One of my fellow travelers was a student at an expensive, private university. Upon discovering that we lived fewer than three miles apart, he asked me if I would give him a ride for the final leg home. I happily agreed.
As I was giving him a lift home, I learned a lot about him: his name, where he grew up, where he goes to school, his major, what his parents do for a living, his own career aspirations when he graduates in a few months. We even discovered that we have an acquaintance in common. Meanwhile, I made a few mentions of my children, such as my 19-year-old son is living in Brazil, my husband teaches at a local university. Conversation starters.
In the same 45 minute ride, he didn’t ask me a single question, not even name.
I’ll confess I felt a little invisible. I find it easy to ask people about themselves. I genuinely enjoy doing it. It’s one of my strengths, and we’re often exasperated with people who aren’t likewise adept at the things that we do well.

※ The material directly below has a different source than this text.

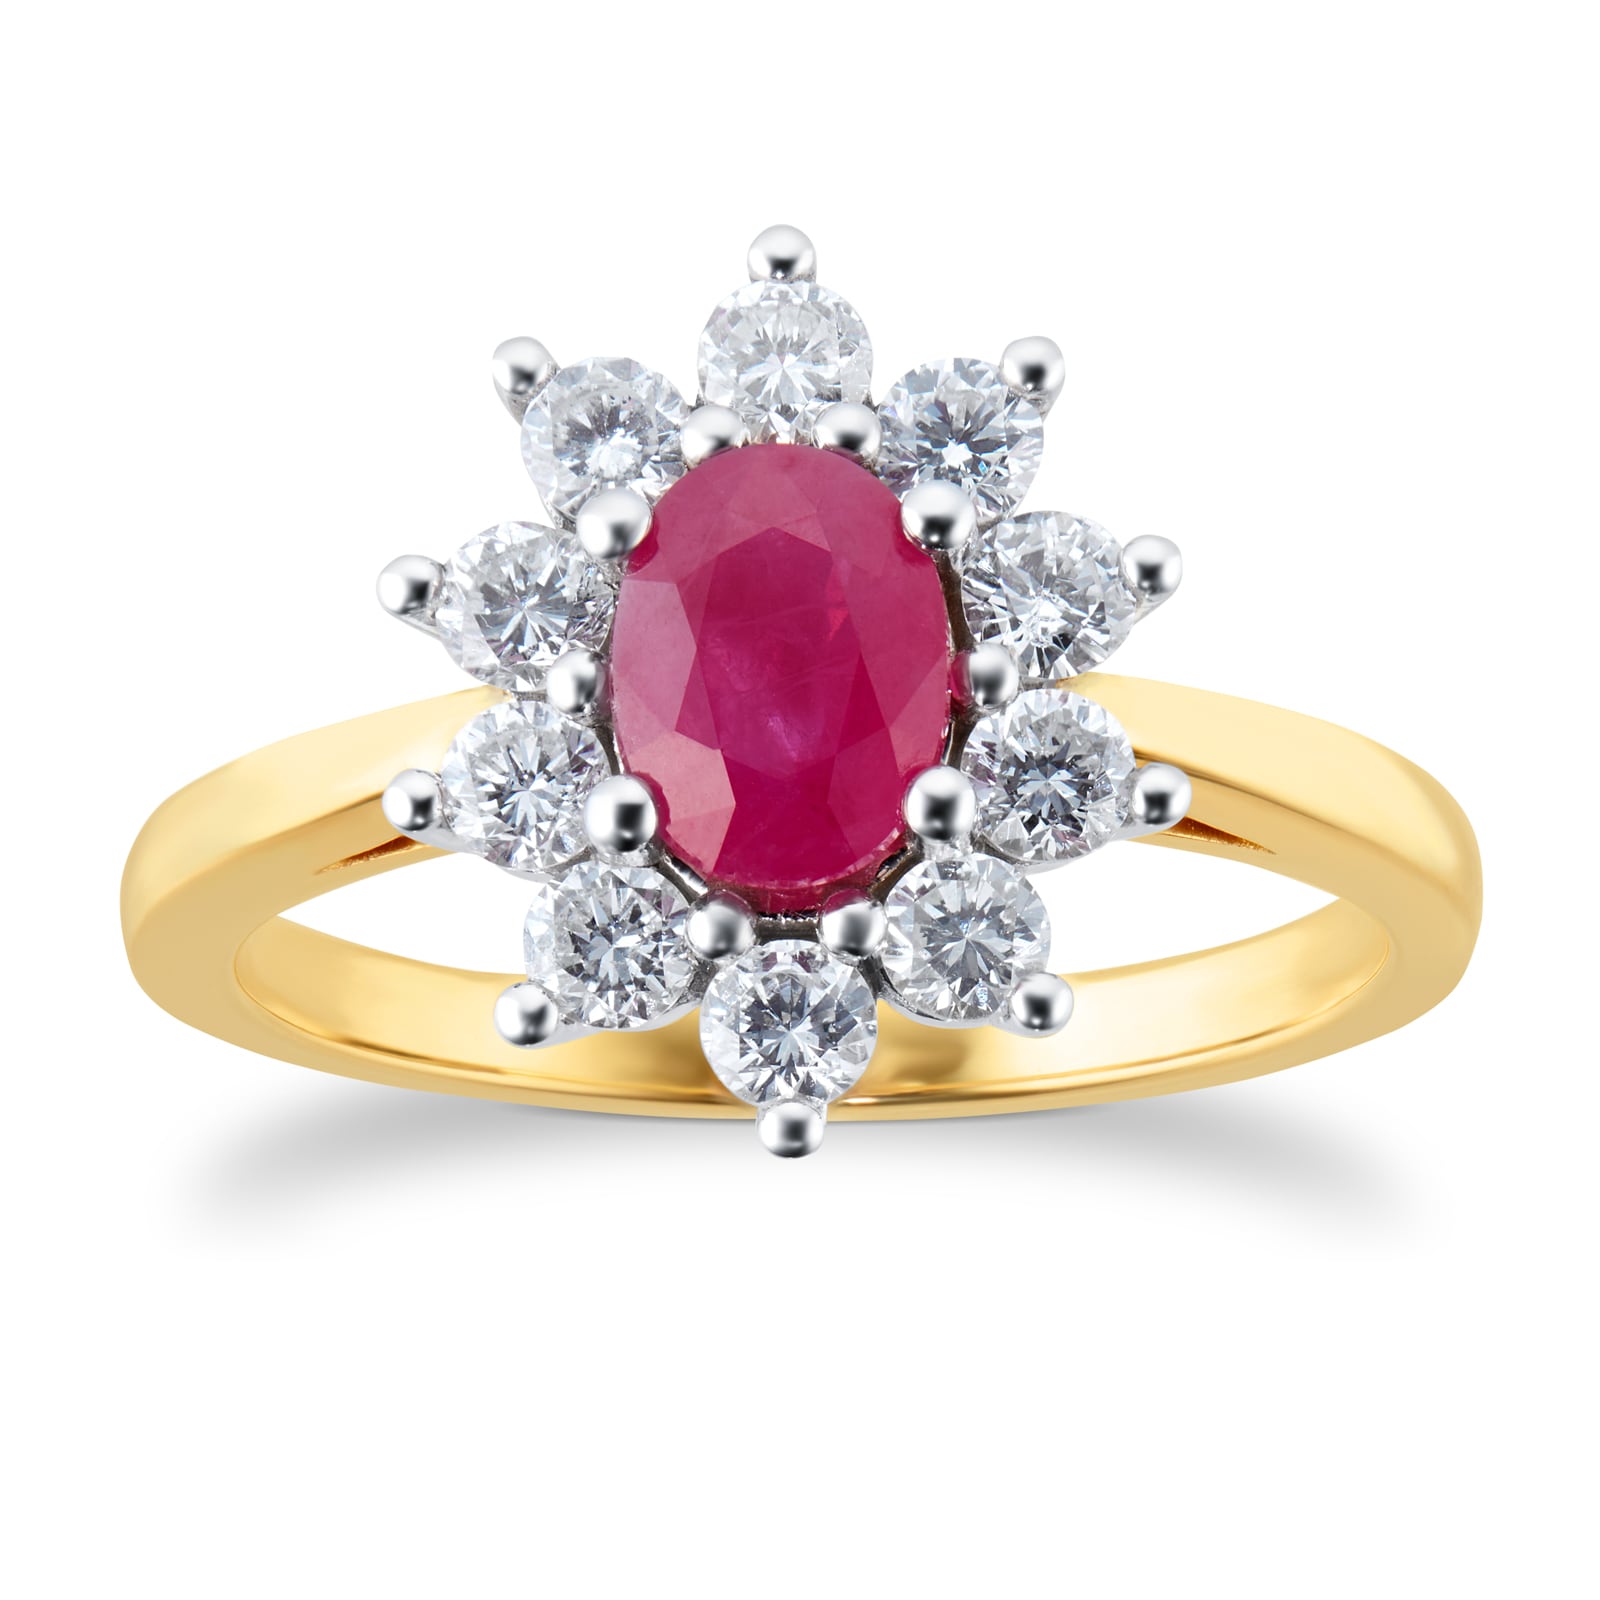 18ct Yellow and White Gold Ruby And Diamond Cluster Ring - Ring Size J.5

But here’s the real takeaway from this chance encounter: this young man is looking for a job when he graduates in a month. His parents are concerned that he doesn’t have employment lined up for the rapidly approaching day when he commences from his education, a several hundred thousand dollar investment. I could have potentially helped him if he’d just shown a little of the moxie that would have motivated me to recommend him.

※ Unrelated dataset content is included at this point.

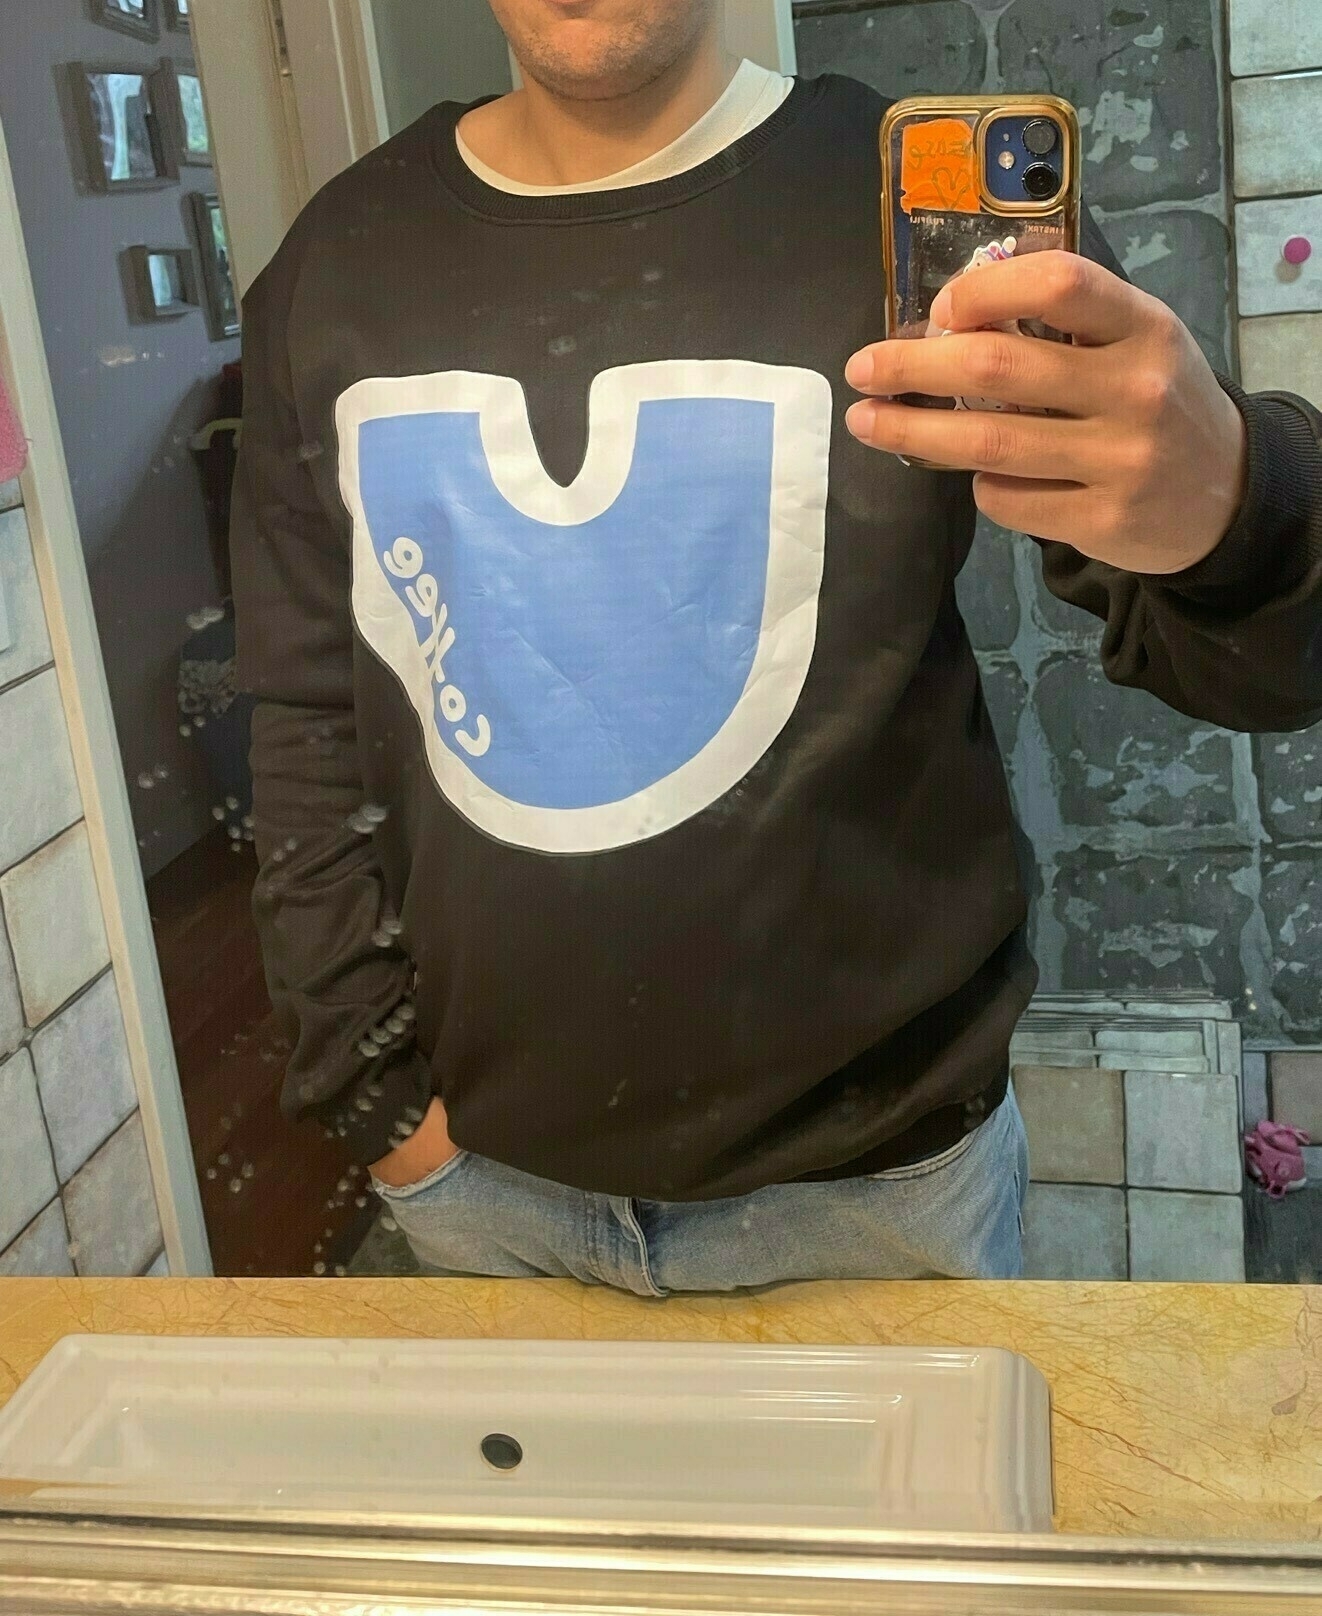 man wearing a jumper that has a giant U on it with the word coffee inside

The client I’d been with in Tampa is the CEO of a real estate construction and development company, the exact industry this young man wants to enter. I could have called, and said, “I just met this terrific guy; why don’t you speak to him?” Would the CEO have given him a job? Not necessarily. But on my recommendation, I think he would have given him a listen. If this seemingly capable, but ultimately undistinguished young man had opened up his network, he might today be interviewing for a really great job.
Contrast this experience with the son of one of my childhood friends, Alexander. He struck up a conversation with a gentleman on an Amtrak train, stayed in touch, and is now going to work for him this summer.
My brief encounter with this college student left me wondering about the opportunities I miss. For example, there was another passenger in the van, traveling from Germany to visit her daughter. I really liked her. I wish I’d asked her name. Would it have led to a business opportunity? I have no idea. It doesn’t matter, really, because there would be one more interesting person in the world who I know.
We all need to feel that we belong. A sense of belonging gives us the confidence to climb a new curve. But if we’re too comfortable with our place in the world, it’s easy to believe that the way things are is the only way they should be. We battle this mindset as we open up our network, especially to people who are unlike us, and ask questions, solicit opinions, and entertain new possibilities, rather than focusing inward.
In business as in life, are based on reciprocity. Our real advantages, both concrete and less tangible, are gained through humility, through putting ourselves in one-down relationships with those who know more than we do.
We really do know less than we think we do; open up, and we will learn more.
If we’ll extend ourselves in this way, the research suggests we are 2x more likely to enjoy breakthrough ideas. We do have to be open to something (or someone) new, instead of focused on the same old thing, especially if that same old thing is ourselves.